# [MATERIAL PROVIDED]
* * * *

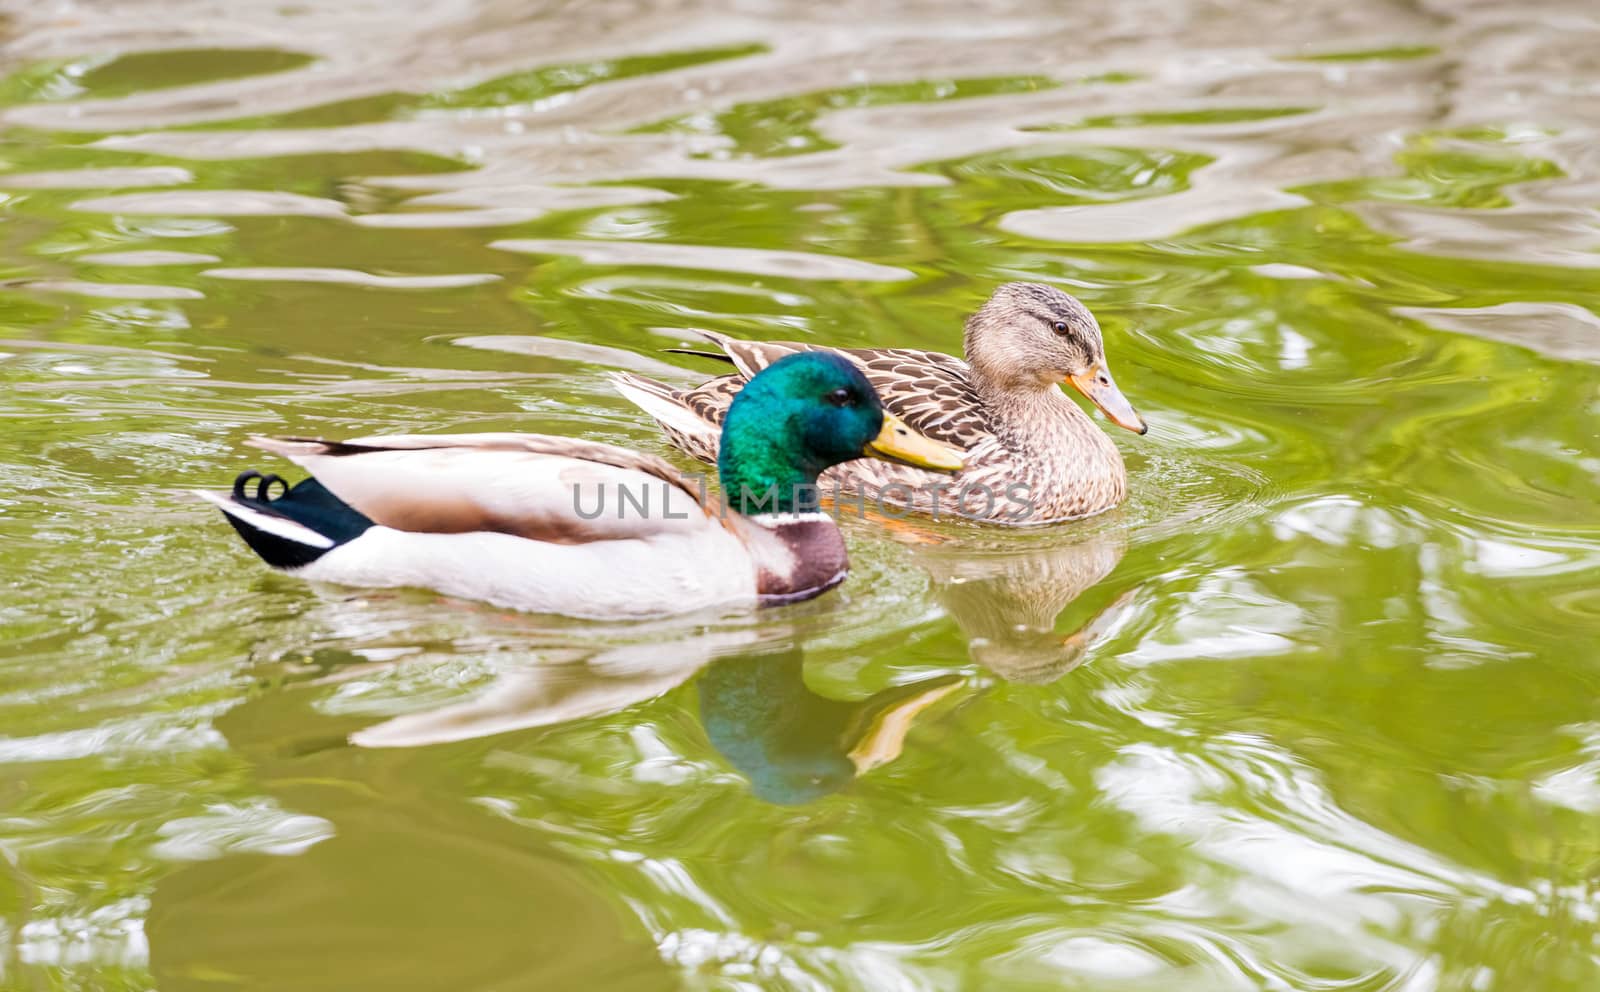 mallard ducks swimming in a lake by Marcus
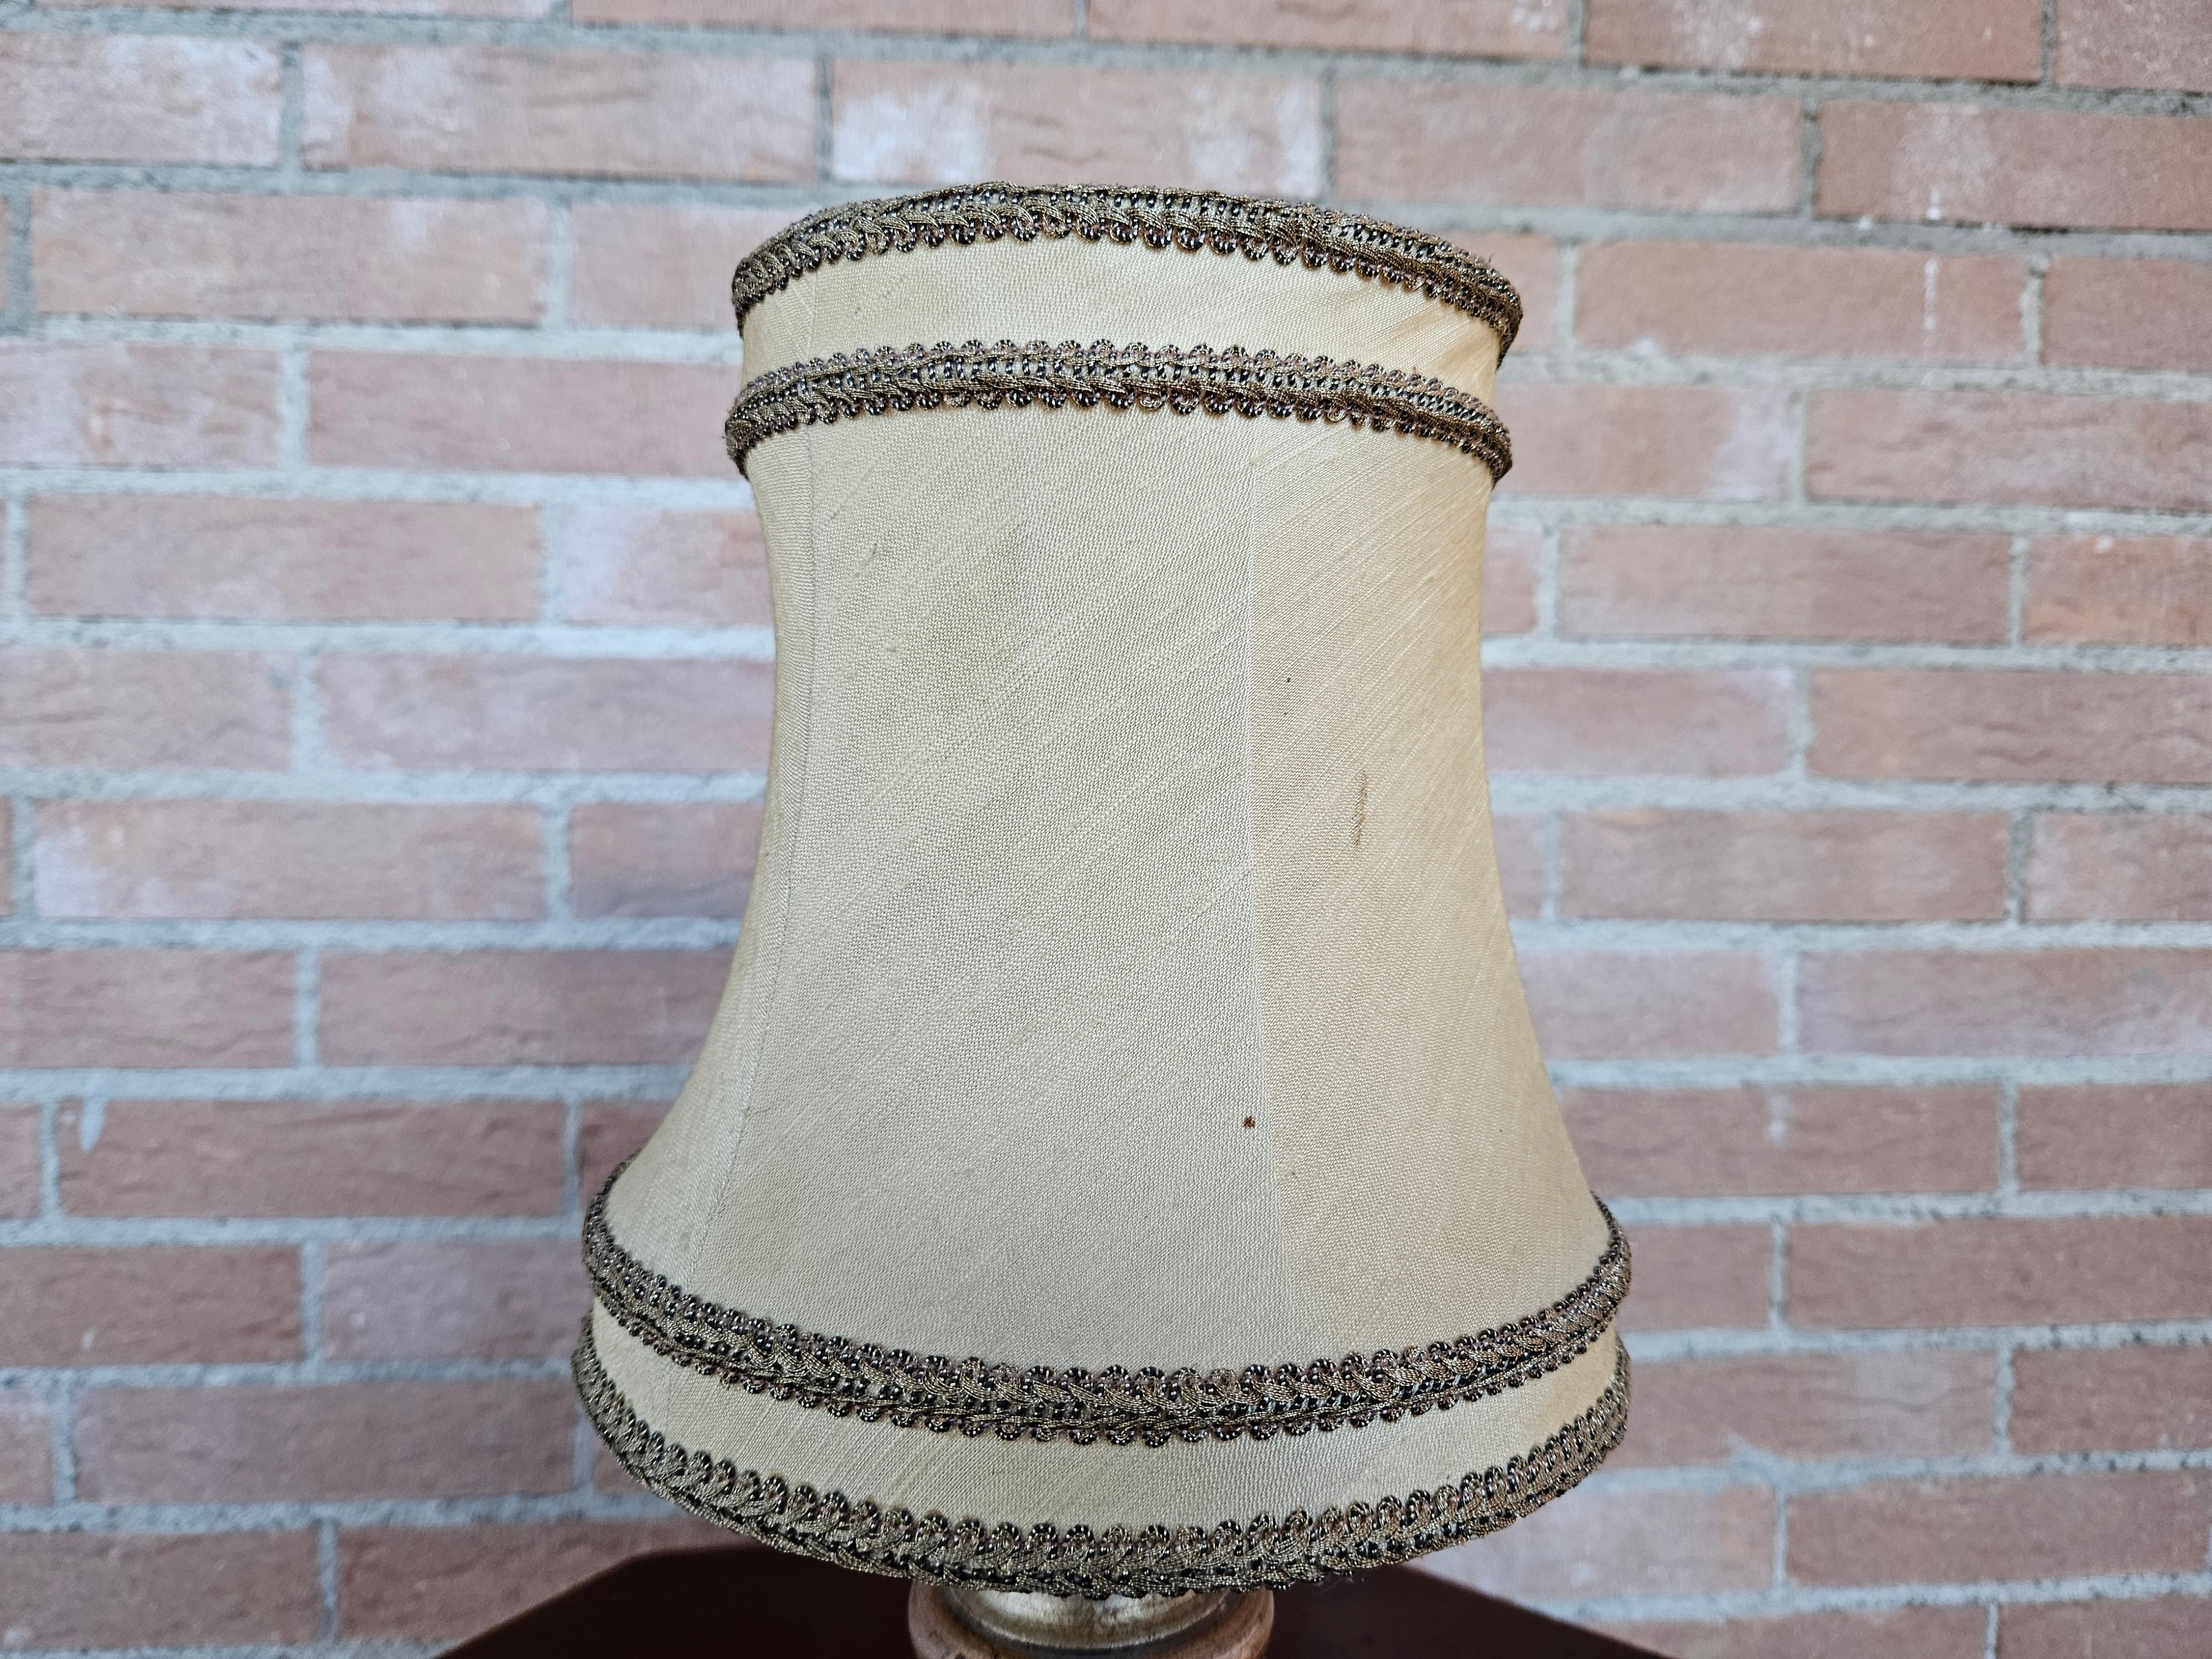 Lampe de chevet (abat jour) ou lampe de table en bois avec abat-jour en tissu.

Ampoule non incluse.

* * * *

Pictures are to be left out; all other data must be returned exactly.

# [FINAL ANSWER]
 mallard ducks swimming in a lake by Marcus
 Lampe de chevet (abat jour) ou lampe de table en bois avec abat-jour en tissu.

Ampoule non incluse.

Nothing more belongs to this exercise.